Is it my fault that I wasn’t or couldn’t pay full attention during critical times when I should have been? Yes, and no. Yes, because I’ll take full ownership for not doing so, but at the same time, I’m human, clearly far from perfect, and admittedly have challenges with doing so. However, I have addressed this personally, so now I feel like I have a much higher capacity to pay attention at a very different level than in the past.

Being able to pay attention at a different level has been eye opening for me. Sort of like when I got eyeglasses and no longer had to struggle to see clearly. It was a liberating feeling, and one that I wish I had been able to experience a long time ago, but I’m not someone to expend energy dwelling on something I can’t change. I learned that not dwelling on things that were out of my control was a fantastic strategy to help me to focus, and pay attention.

There are clearly different levels of paying attention, and instances when it is more critical to do so. When I think back to the times when it was critical for me to pay attention, I know that there were situations that may have had different results had my attention ability been laser focused. Obviously, there isn’t anything I can do to course correct on those experiences. Or is there?

One of the things I have come to appreciate is being able to reflect back on conversations or experiences that are indelibly etched in my mind. Conversations that had I been more present and able to focus on what was being conveyed, how I could have responded verbally or acted differently. The good news is that reflecting back on these scenarios has been both cathartic, and useful in terms of allowing me to apply my past learnings to future instances requiring my full attention.
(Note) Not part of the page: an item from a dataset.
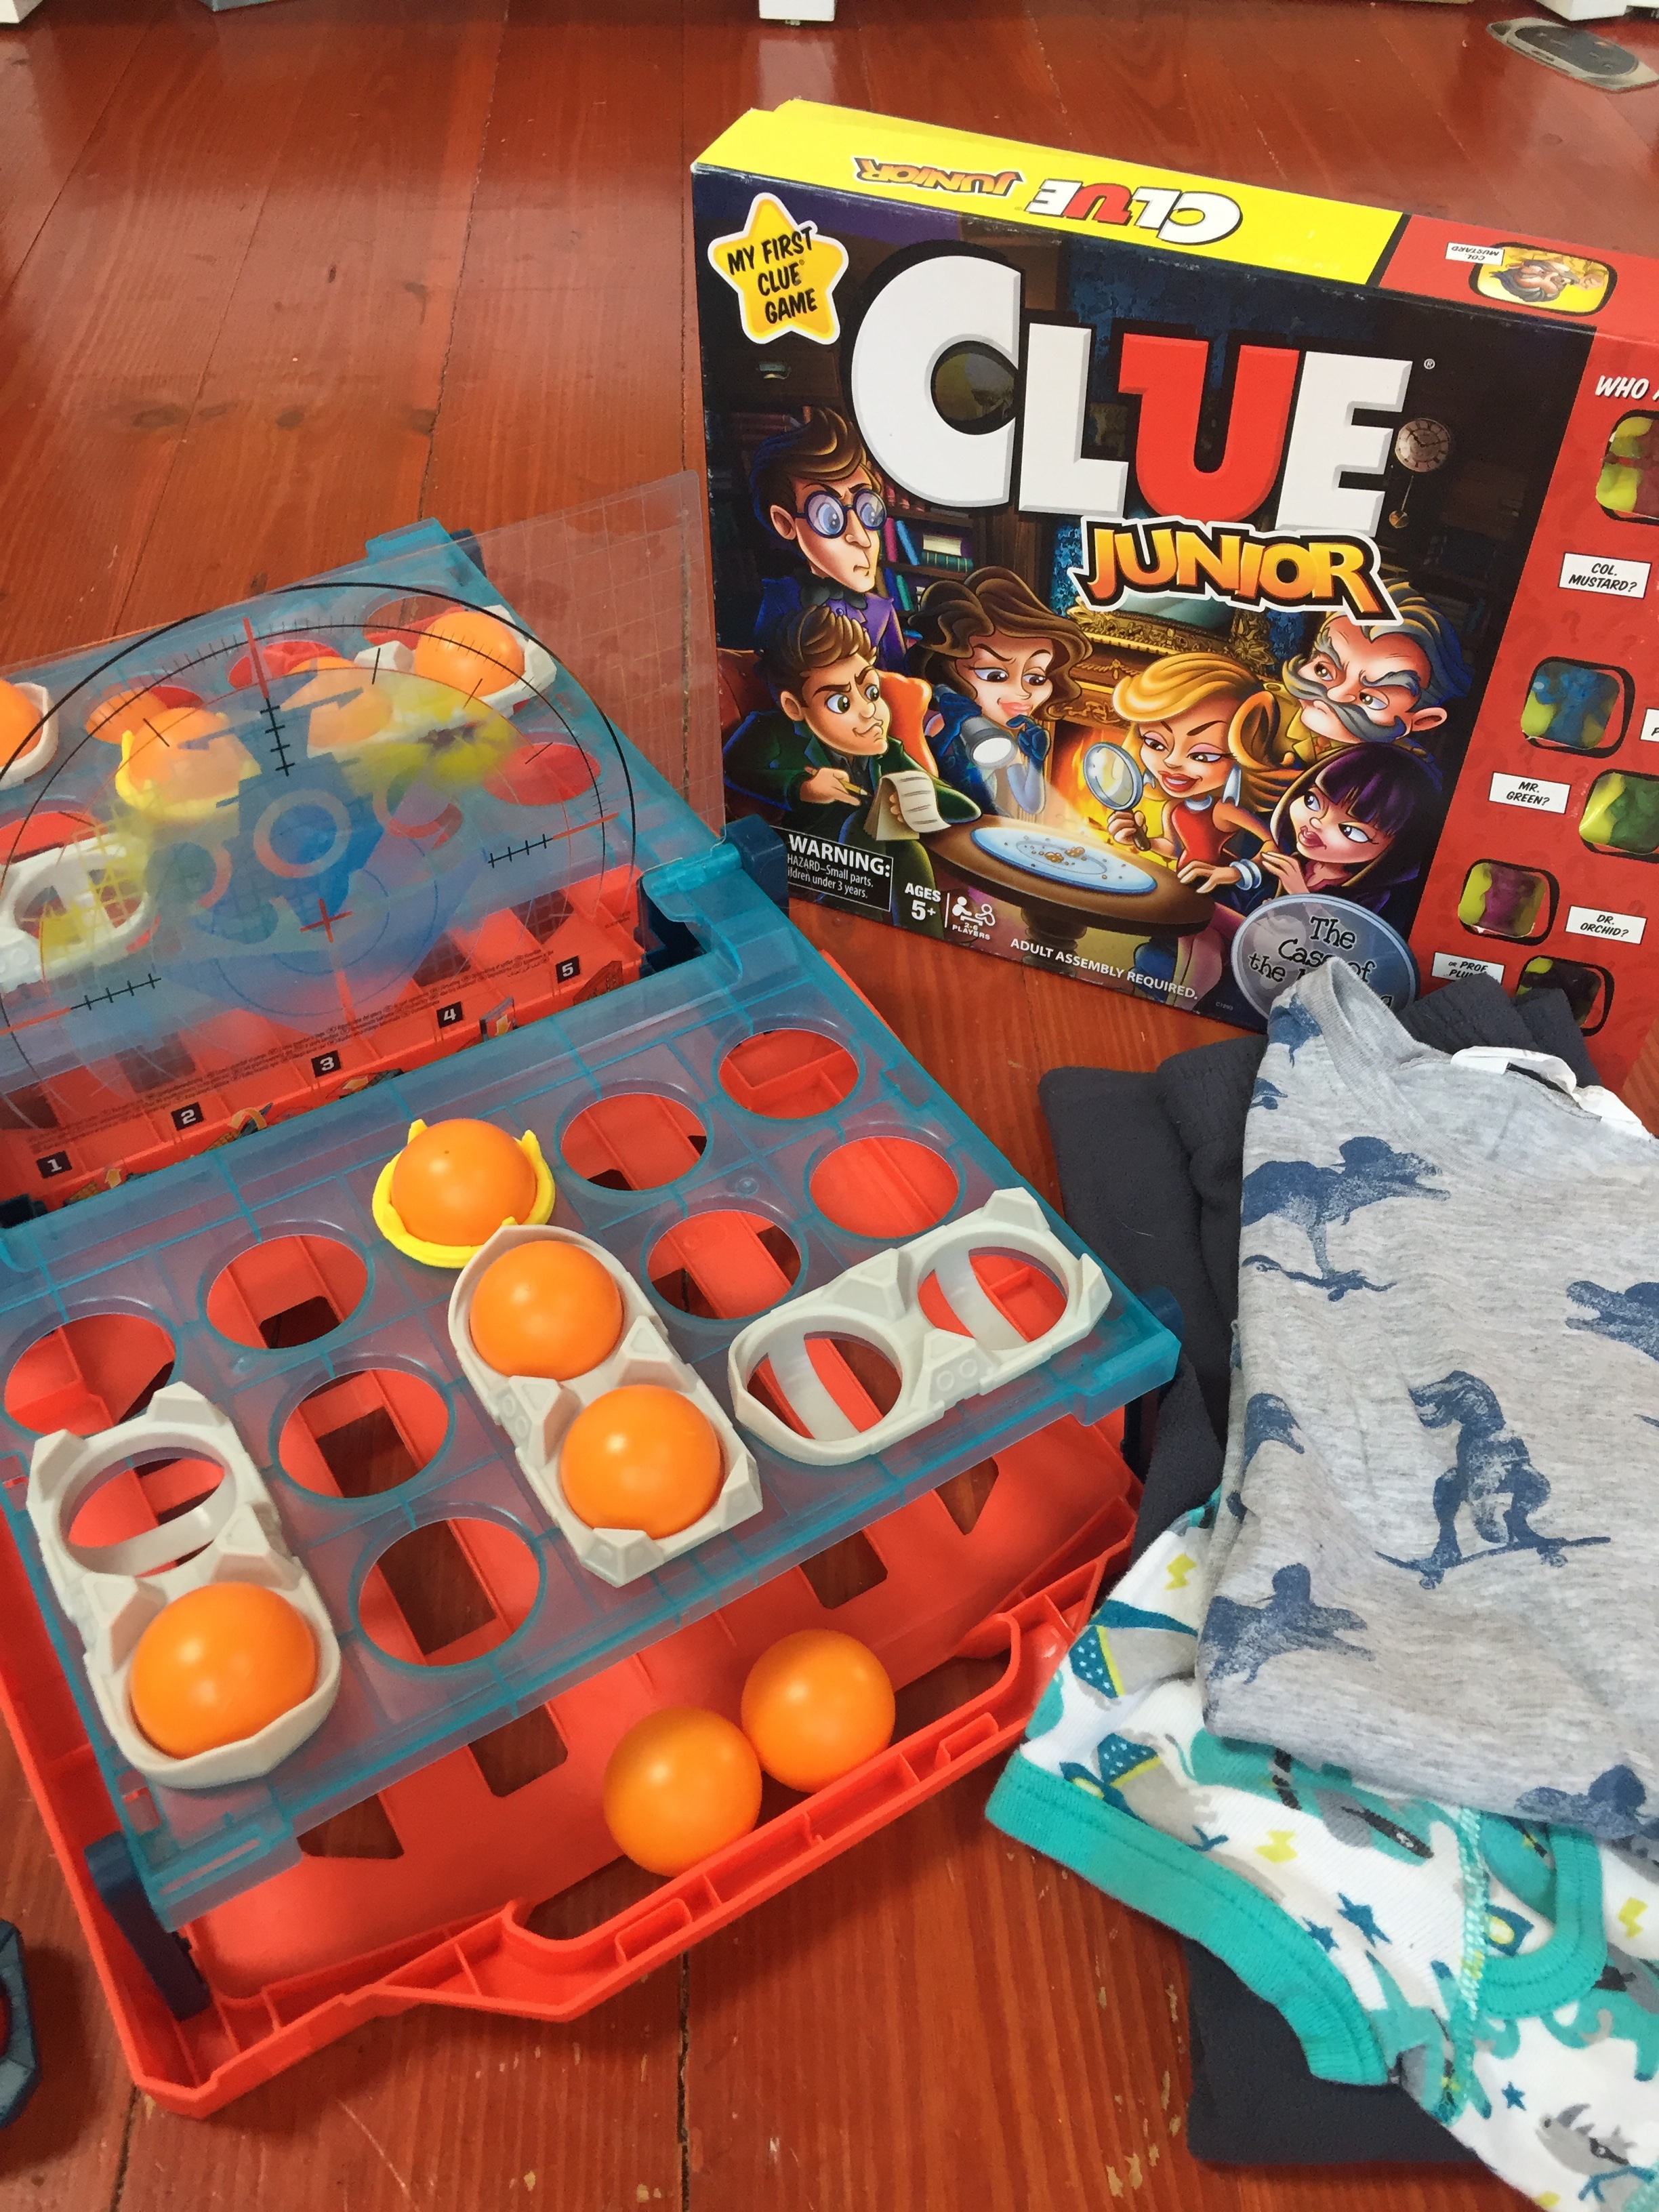 Clue Junior board game for kids, Battleship Shots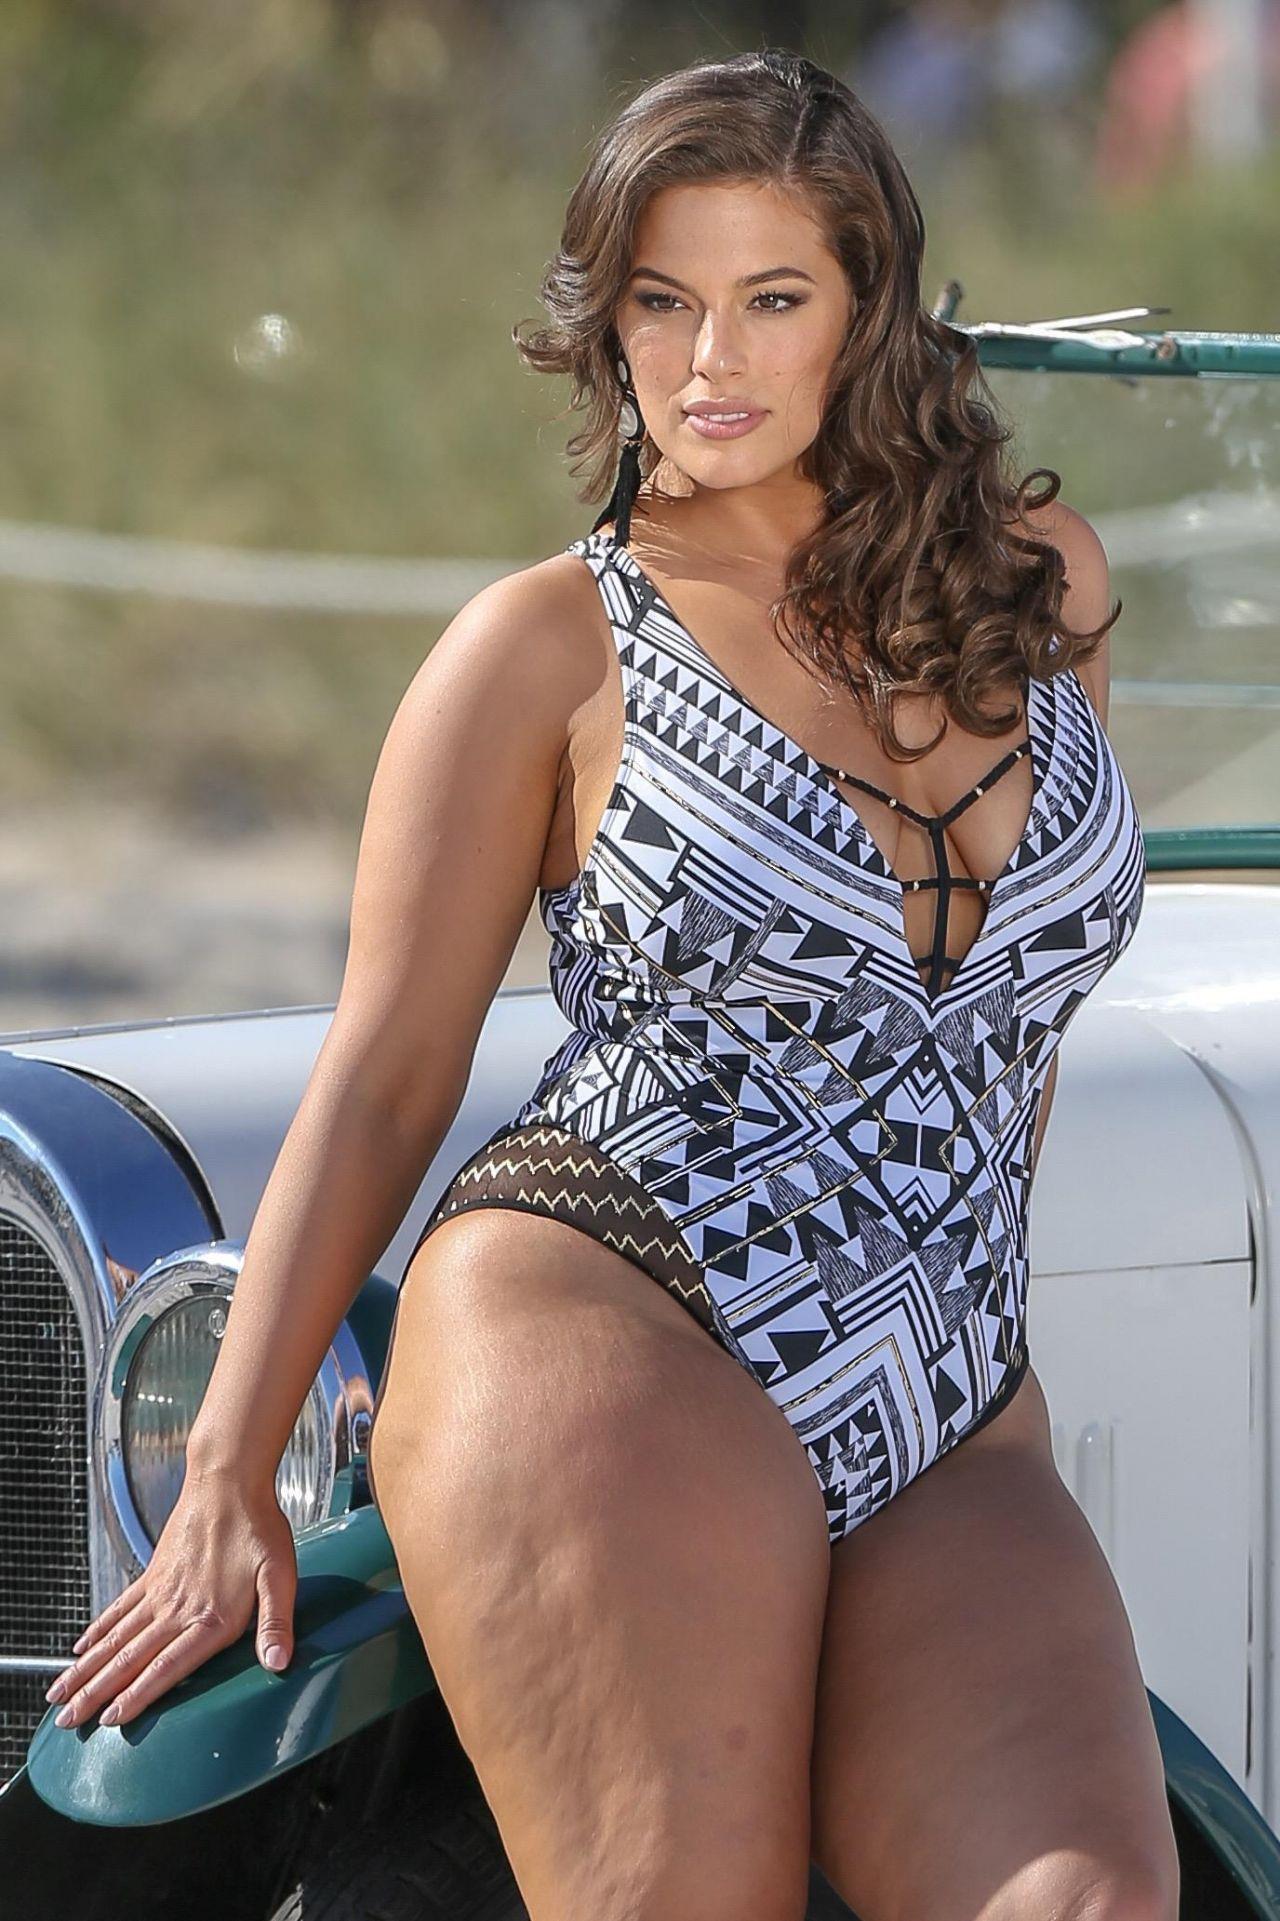 Bikini, Badeanzüge, Ashley Graham, Miami, Übergröße, Maisbrot, Schwarz,  Promis 1c6ce420c8

In fact, I recently was able to benefit from now being able to be fully present, and offer someone my full attention when it was critically needed. I suspect and deep down know that had I not been able to be fully paying attention, that the outcome of the conversation would have been entirely different. Not in a positive way. However, having worked on being aware that I needed to seek support for my lack of ability to fully pay attention paid off enormously for the recipient of my full attention. I didn’t learn the outcome of that conversation for a few months after it occurred, but the results of the conversation, and me being fully present and paying attention made a tremendous difference in another person’s life. So much so, that they are now able to take from their experience and pass it along as a gift to others, and which they have already done.

Consider a time when you wish that you had been paying closer attention to what someone was telling you. Had you been paying full attention, would you have said different things, or perhaps acted differently during the conversation, or perhaps afterwards? If your response to these questions was either yes, or maybe, below are some suggestions to help you in the near future to become a better listener.

  • Slow down your thoughts while you are listening to the person or people in front of you.
  • Stop trying to anticipate what they will be saying, and focus on what they are saying before you respond.
  • I always attempt to think at the beginning of a conversation, what I want the “end game” or results of the conversation to be. I don’t state this out loud, and I may change my “end game” mid conversation.
  • Remain as open-minded as you can while you are listening to the person. Being judgmental in your commentary, or body language isn’t going to be helpful, and be aware during the conversation if you are heading into this territory. No one benefits from judgmental commentary.
  • Consider asking open-ended questions that will allow the person you are listening to have an opportunity to fully explore and cover the topic they are discussing with you.
  • If you notice that someone seems to be struggling emotionally, ask them if they would like to talk to you. Either now, or at a point in time they would be more comfortable doing so. Sometimes just offering to listen to another person can be helpful, but actually doing so will be the ultimate gift.
  • Keep your commentary to a minimum, and apply the 80/20 rule. Let the person who needs to be listened to do 80% of the talking.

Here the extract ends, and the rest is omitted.